* WORK ORDER *
From the first line to the last, repeat the data exactly and drop the pictures.

* INFORMATION PROVIDED *
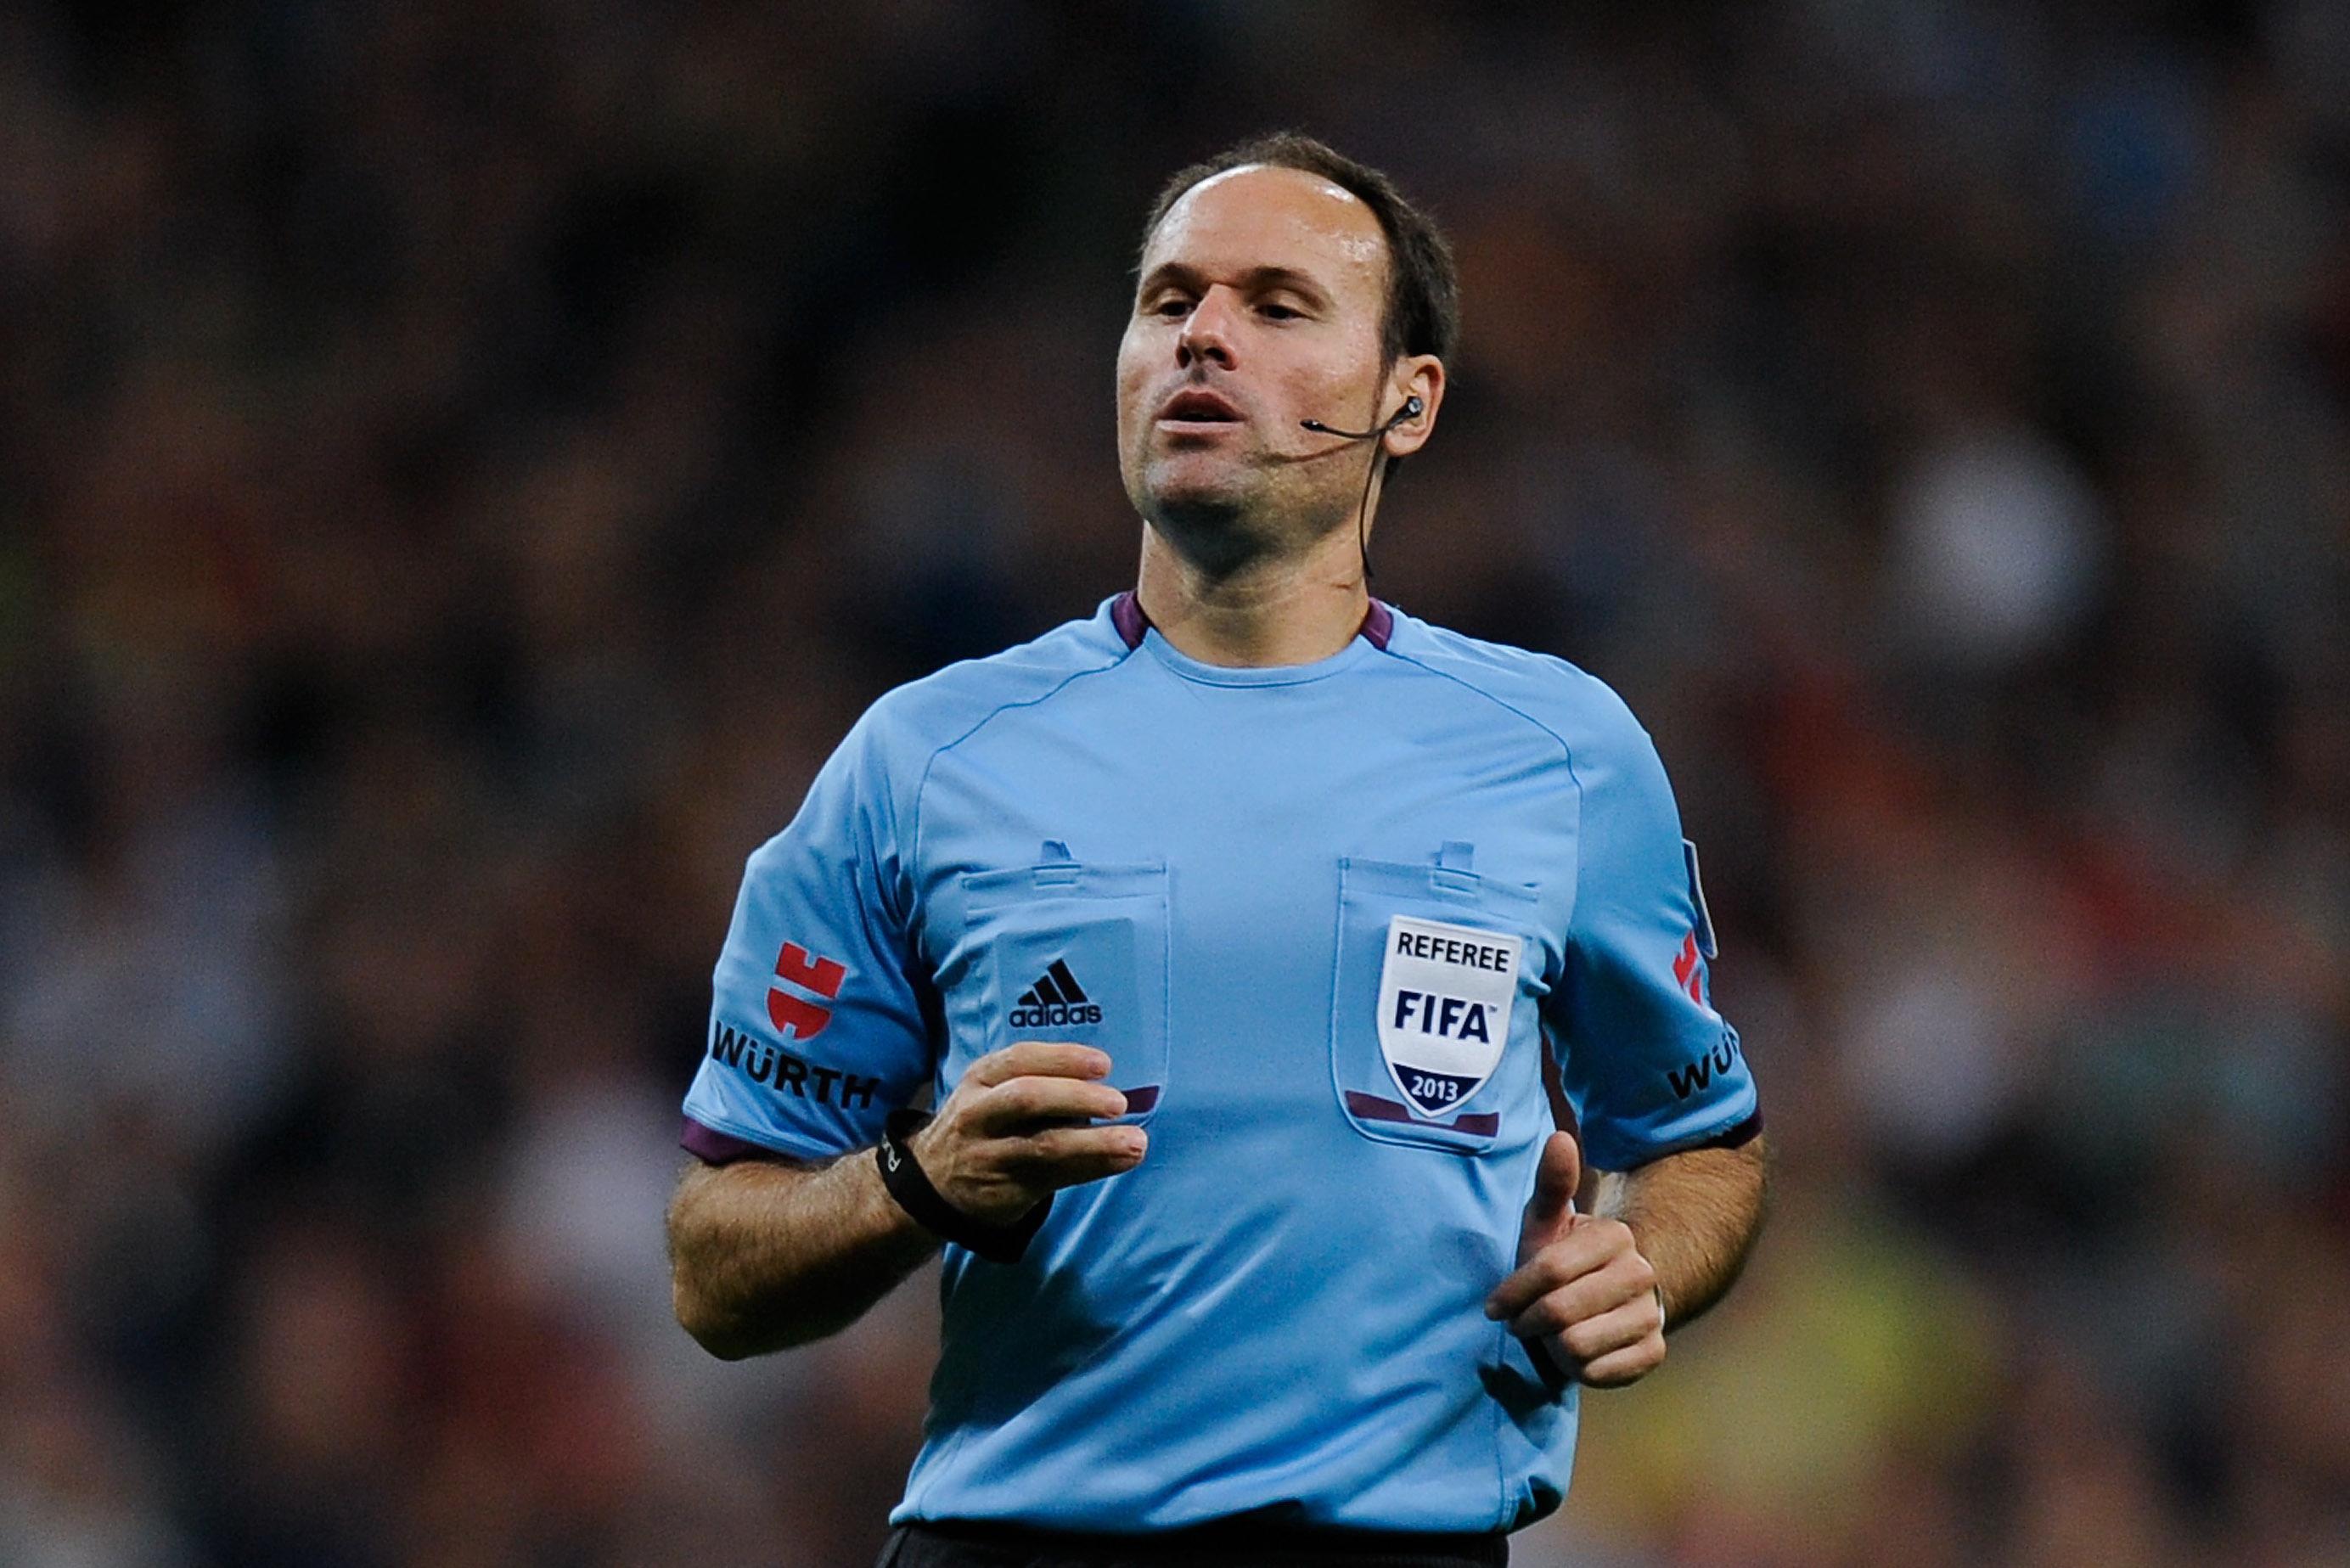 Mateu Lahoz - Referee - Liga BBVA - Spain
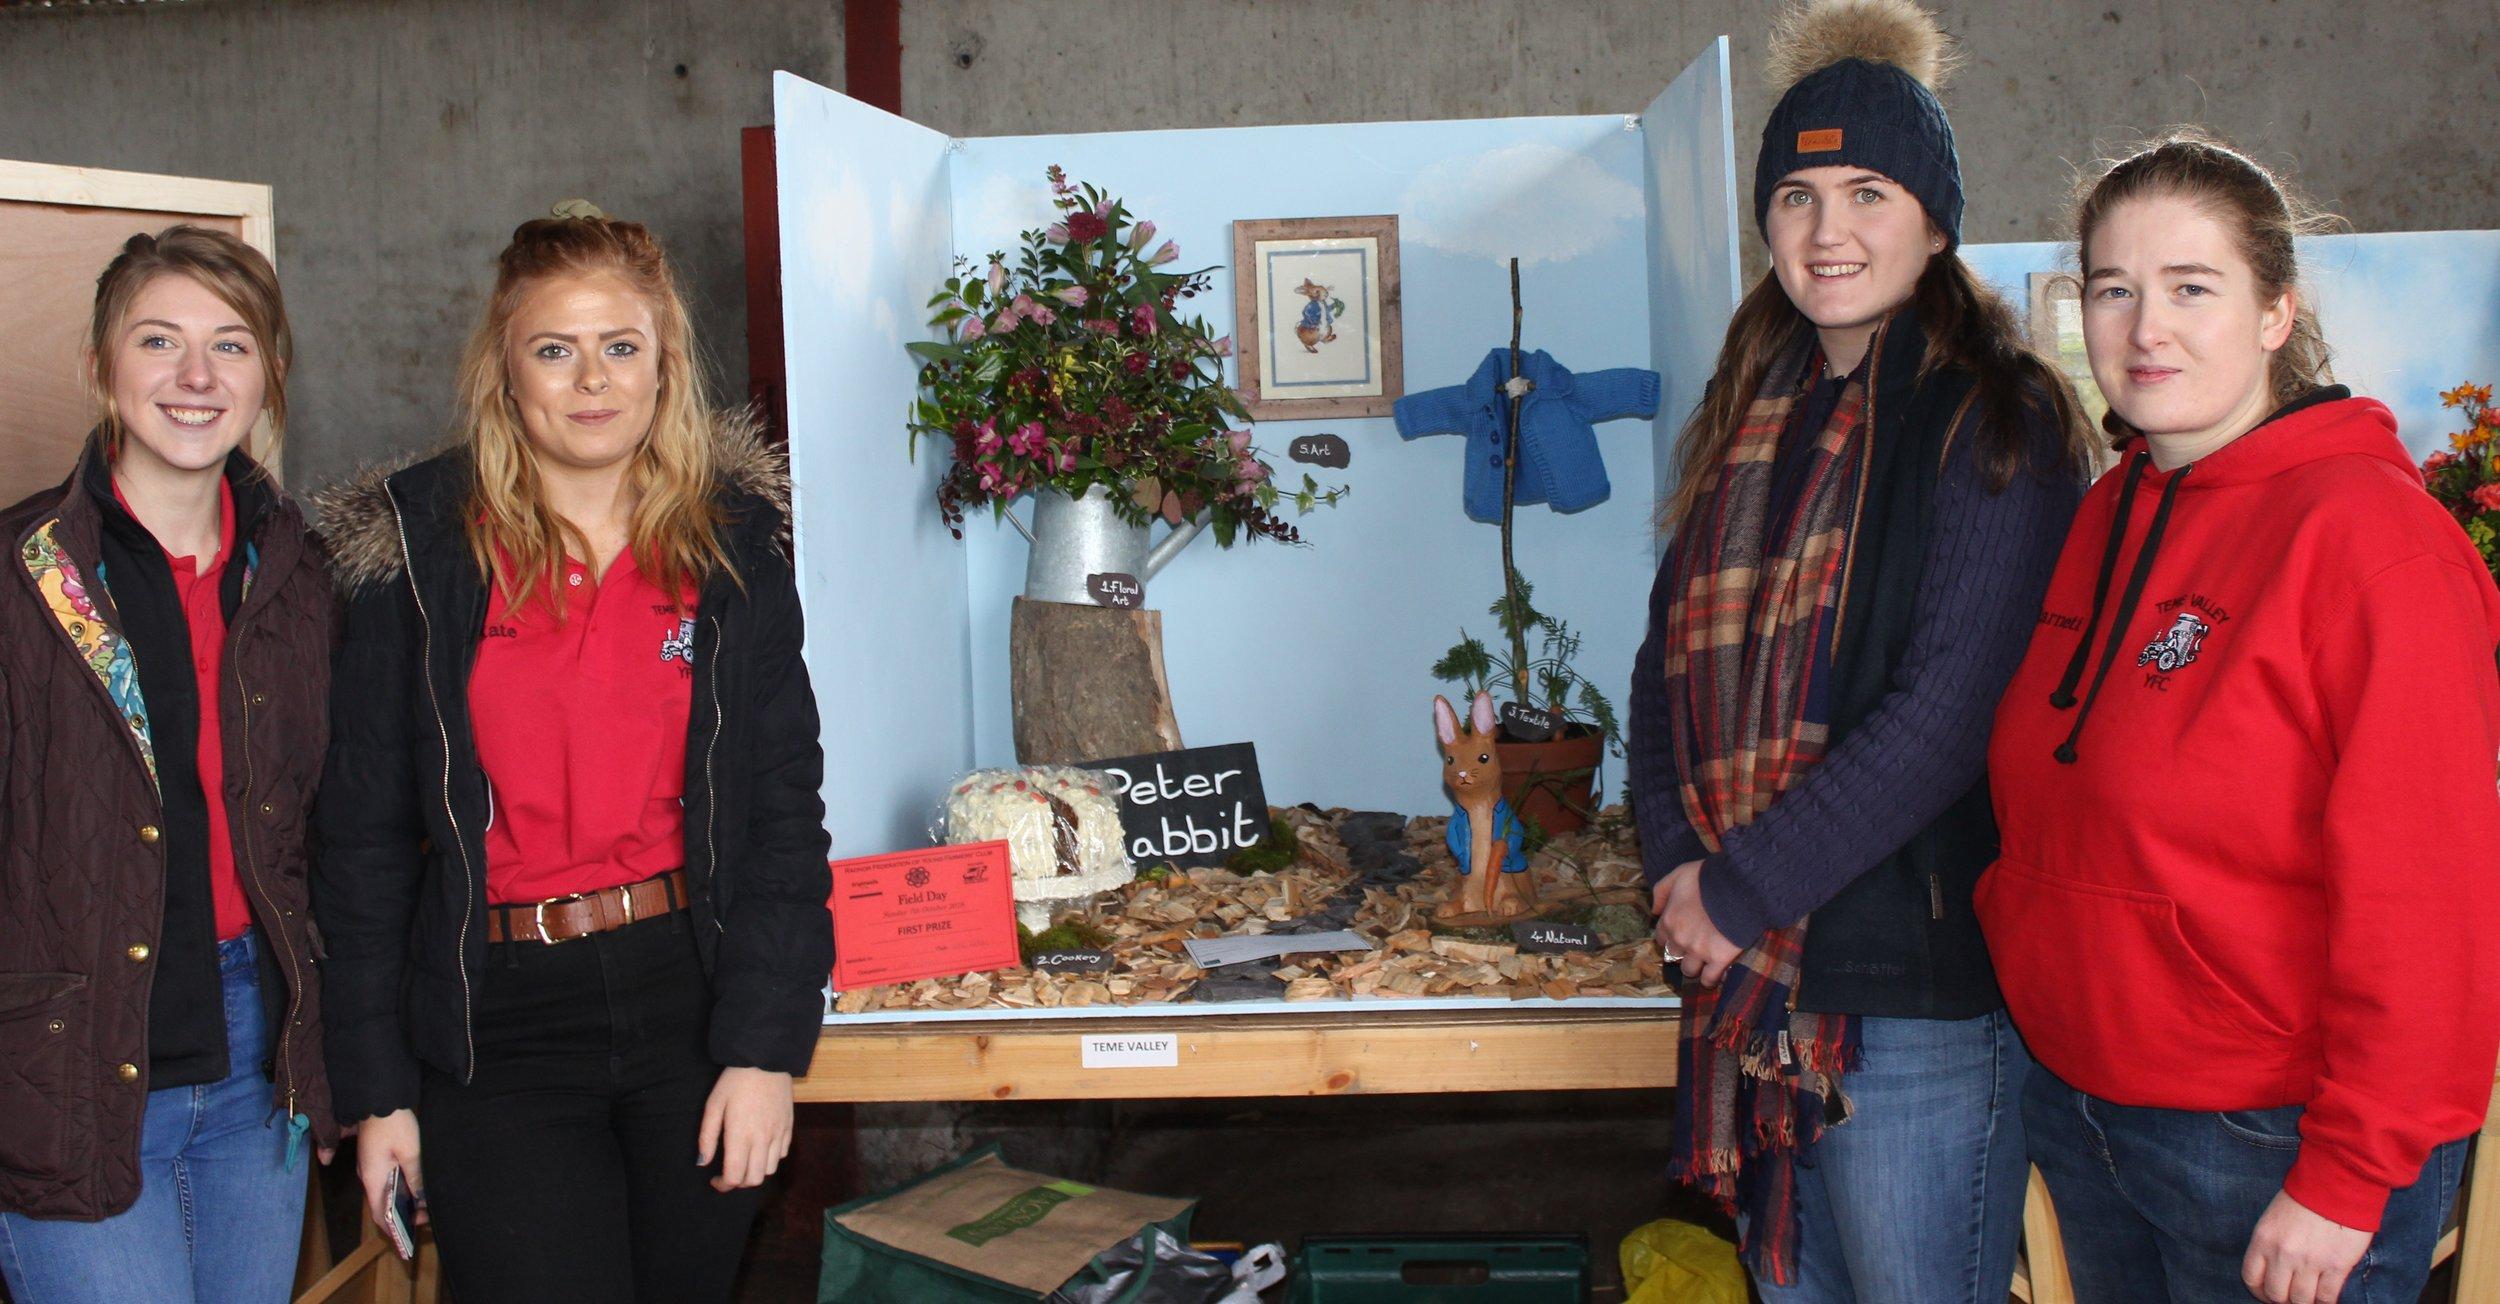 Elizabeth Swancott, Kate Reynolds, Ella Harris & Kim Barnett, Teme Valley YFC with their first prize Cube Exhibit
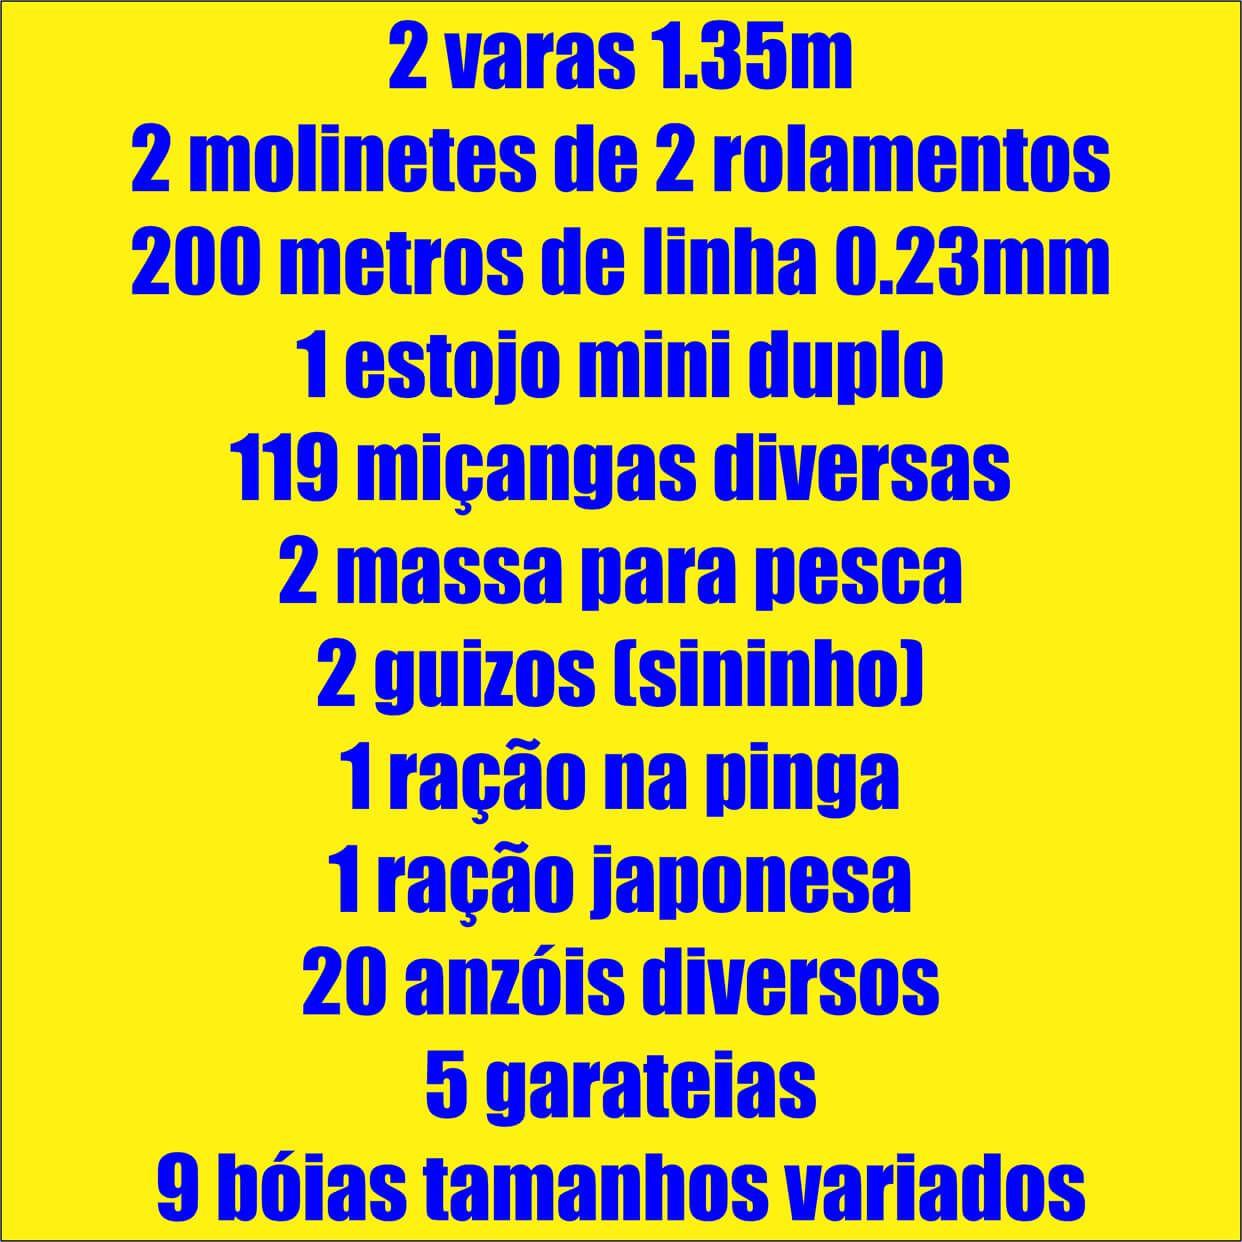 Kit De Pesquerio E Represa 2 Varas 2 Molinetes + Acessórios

* ANSWER SECTION *
 Mateu Lahoz - Referee - Liga BBVA - Spain
 Elizabeth Swancott, Kate Reynolds, Ella Harris & Kim Barnett, Teme Valley YFC with their first prize Cube Exhibit
 Kit De Pesquerio E Represa 2 Varas 2 Molinetes + Acessórios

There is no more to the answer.